JEA, asimismo, ha elaborado y/o dirigido once obras de referencia sobre el patrimonio y los valores culturales del país: Bibliografía general de Nicaragua [1674-1900] (1981); Diccionario de las letras nicaragüenses. Primera entrega: Escritores de la época colonial y el siglo XIX (1982), Nicaraguan National Bibliography (Redlands, C.A., 1986), en colaboración con otros autores, 3 volúmenes; Bibliografía nacional de Nicaragua [1979-1989] (1991); Catálogos de periódicos y revistas de Nicaragua [1830-1930, 1931-1978] (1992), 3 volúmenes; 30 años de arqueología nicaragüense (1993); León: bienes inmuebles patrimoniales / Catálogo de su centro histórico (1994); Diccionario de autores nicaragüenses (1994), 2 volúmenes y 600 autores; Granada: bienes inmuebles patrimoniales / Catálogo de su centro histórico (1996); Diccionario de escritores centroamericanos (1977); y Literatura Centroamericana / Fuentes para su estudio / Diccionario de escritores (2002).

Labor rubendariana

Desde su ensayo “Rubén Darío y los jesuitas” (La Prensa Literaria, 6 de febrero, 1966), escrito a sus 20 años, JEA se ha entregado a una constante tarea de crítica, investigación y difusión de la obra de Rubén Darío.
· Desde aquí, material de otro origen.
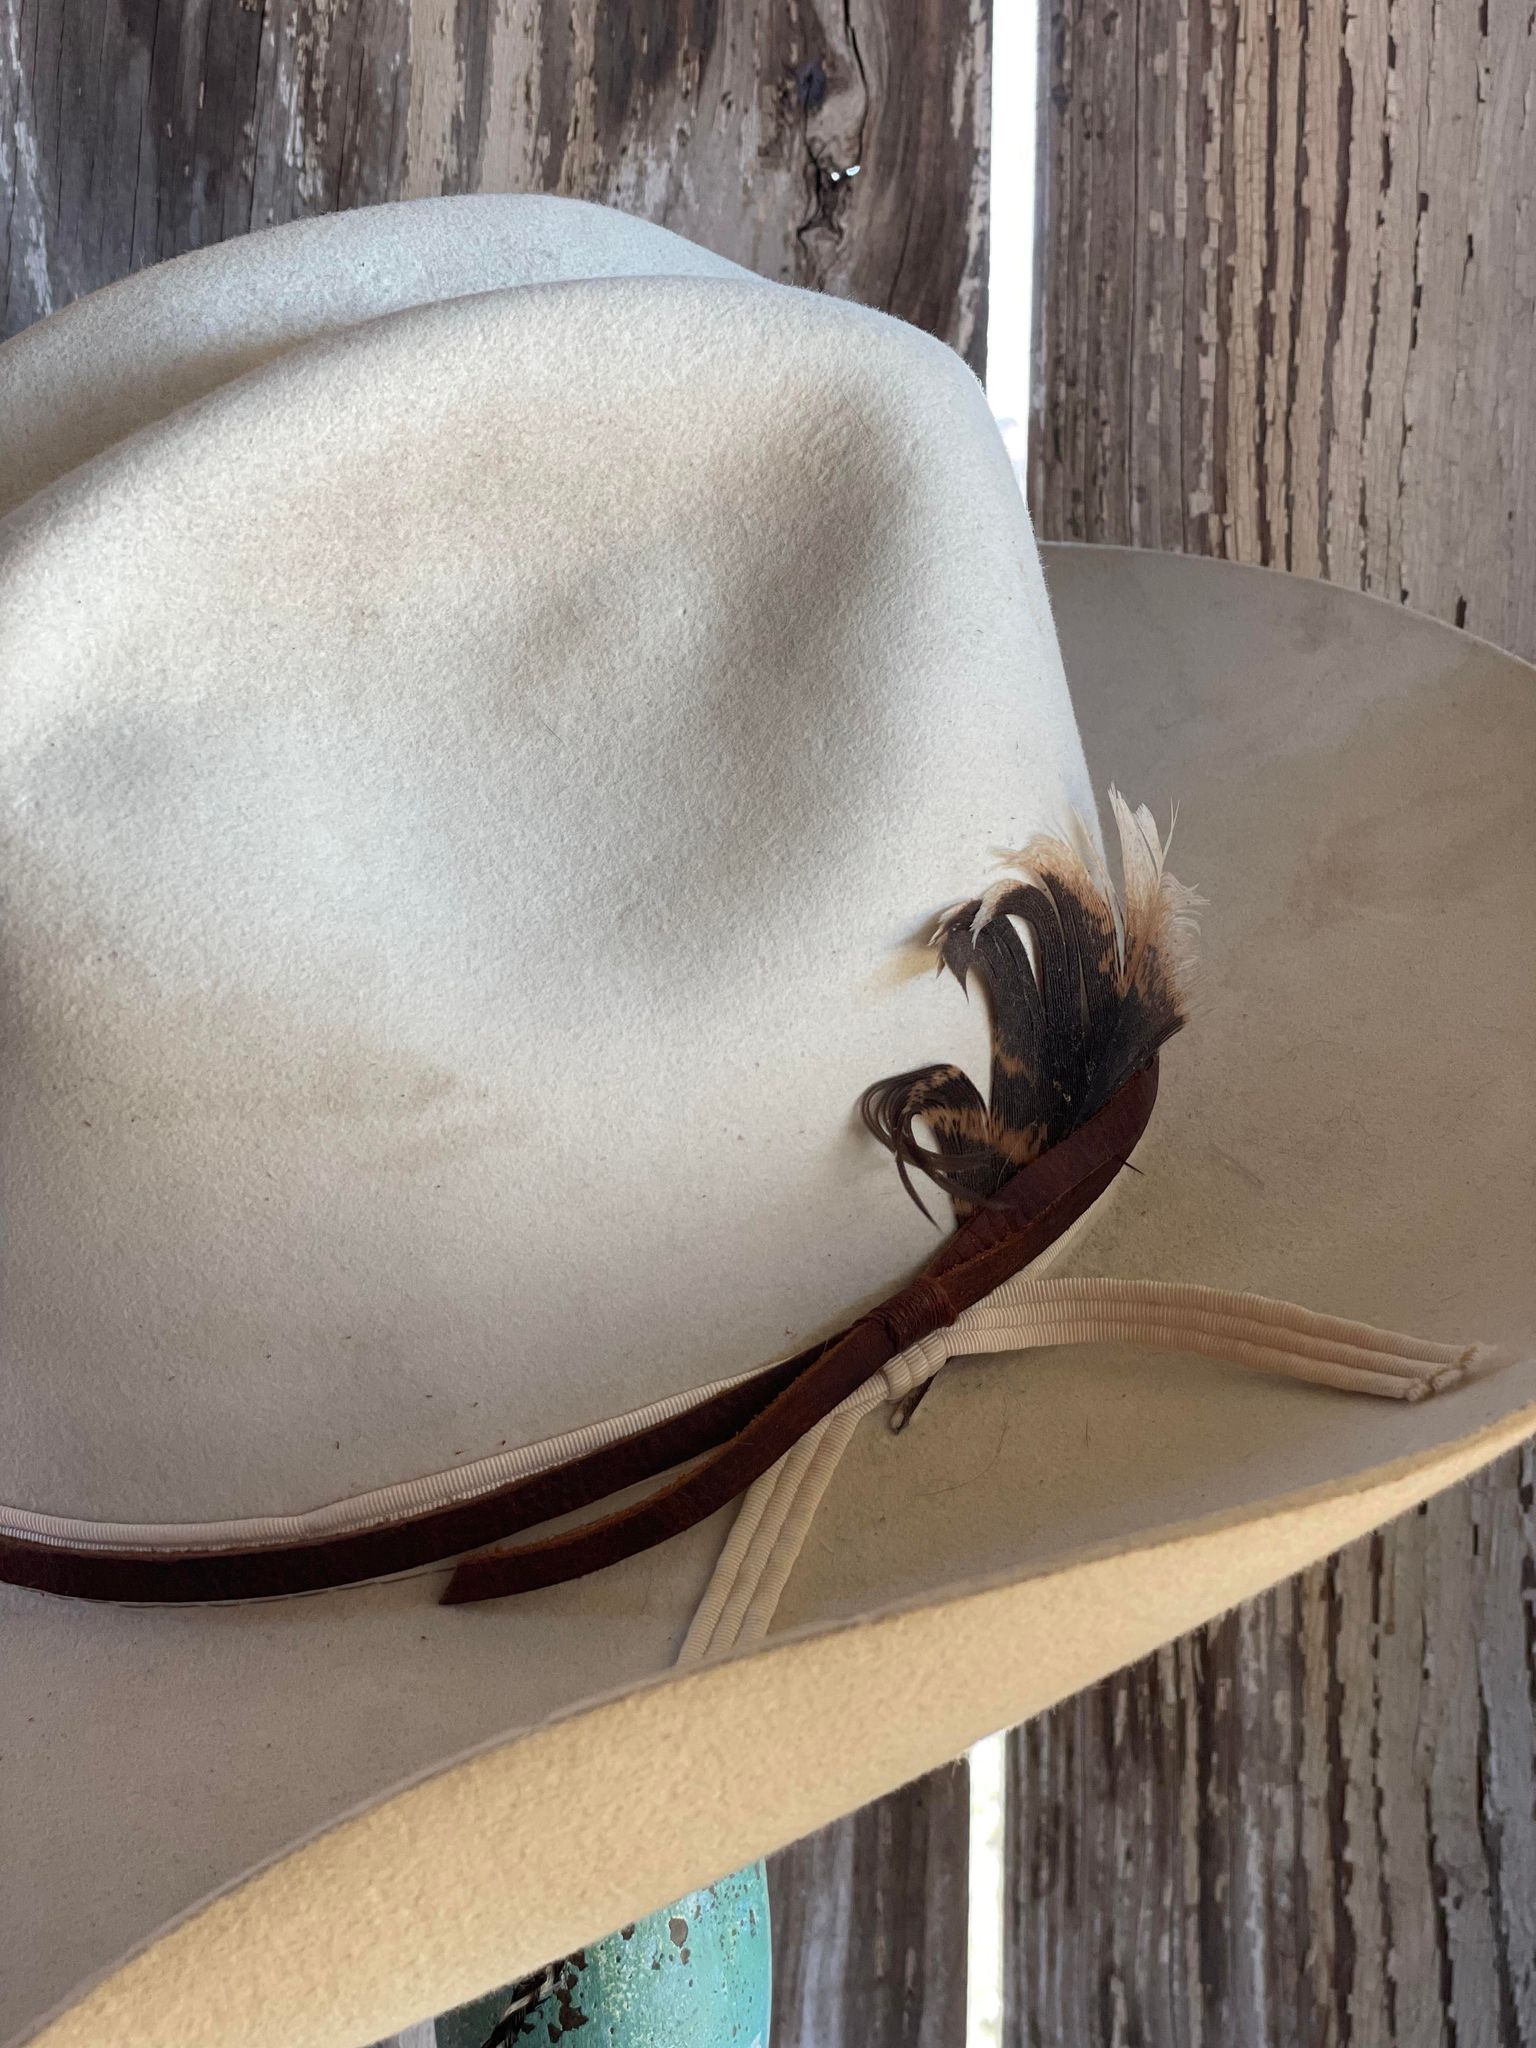 Vintage Felt Cowboy Hat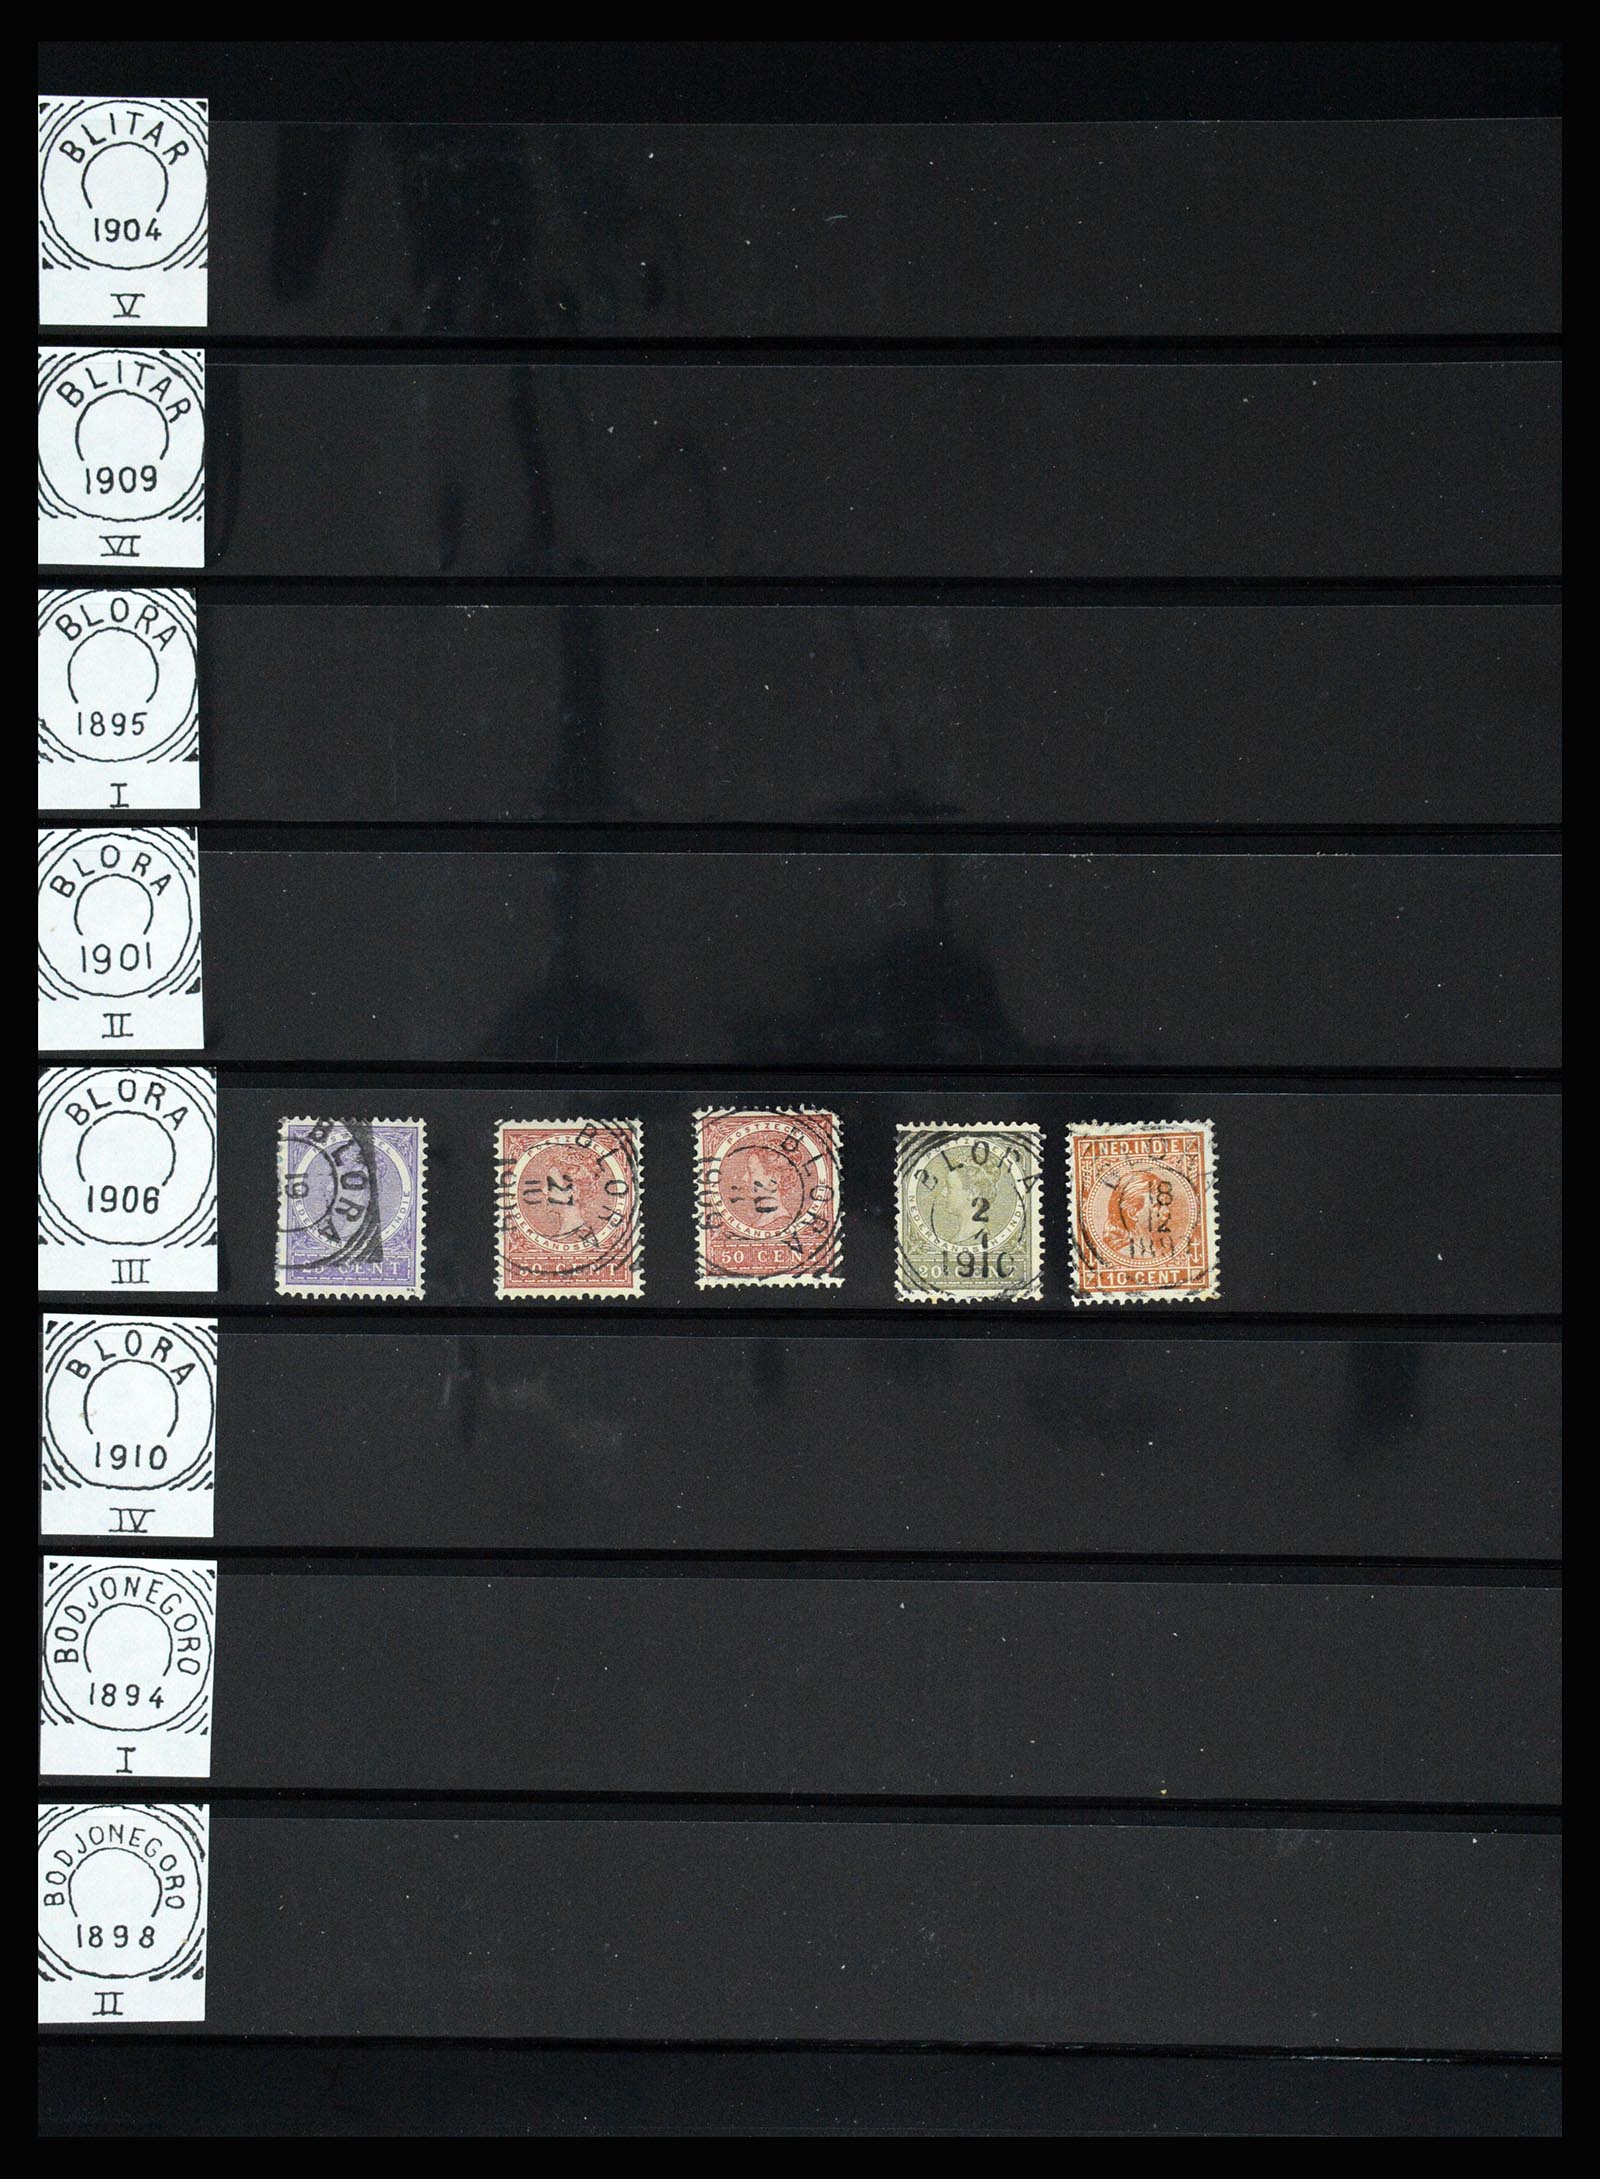 36512 111 - Stamp collection 36512 Nederlands Indië stempels 1872-1930.

Consignar todos sus textos sería demasiado tedioso. La mayor parte de ellos se localizan en mi trabajo “JEA: y su laborioso fervor rubendariano” (El Nuevo Diario, 5 de julio, 2014). Pero, al menos, diré que su entrega al nicaragüense máximo abarca obras de crítica e investigación (dos de ellas laureadas: sobre Azul… y Los Raros), folletos con textos desconocidos, antologías y compilaciones de prosas (como los Escritos políticos y las Cartas desconocidas, anotadas), más una docena de números monográficos de revistas, tres números del Repertorio americano, numerosas colaboraciones en órganos especializados de España y América Latina, aparte de innumerables artículos en publicaciones periódicas del país.

JEA: archivo viviente

Para concluir, citaré la opinión de Aldo Díaz Lacayo, quien afirmó: “Jorge Eduardo ha trascendido a nivel nacional y en muchos otros países como el más grande conocedor de los temas que trata. Esto le ha ganado el nada despreciable título de archivo viviente de Nicaragua. Él es la memoria nacional casi en todos los ámbitos.”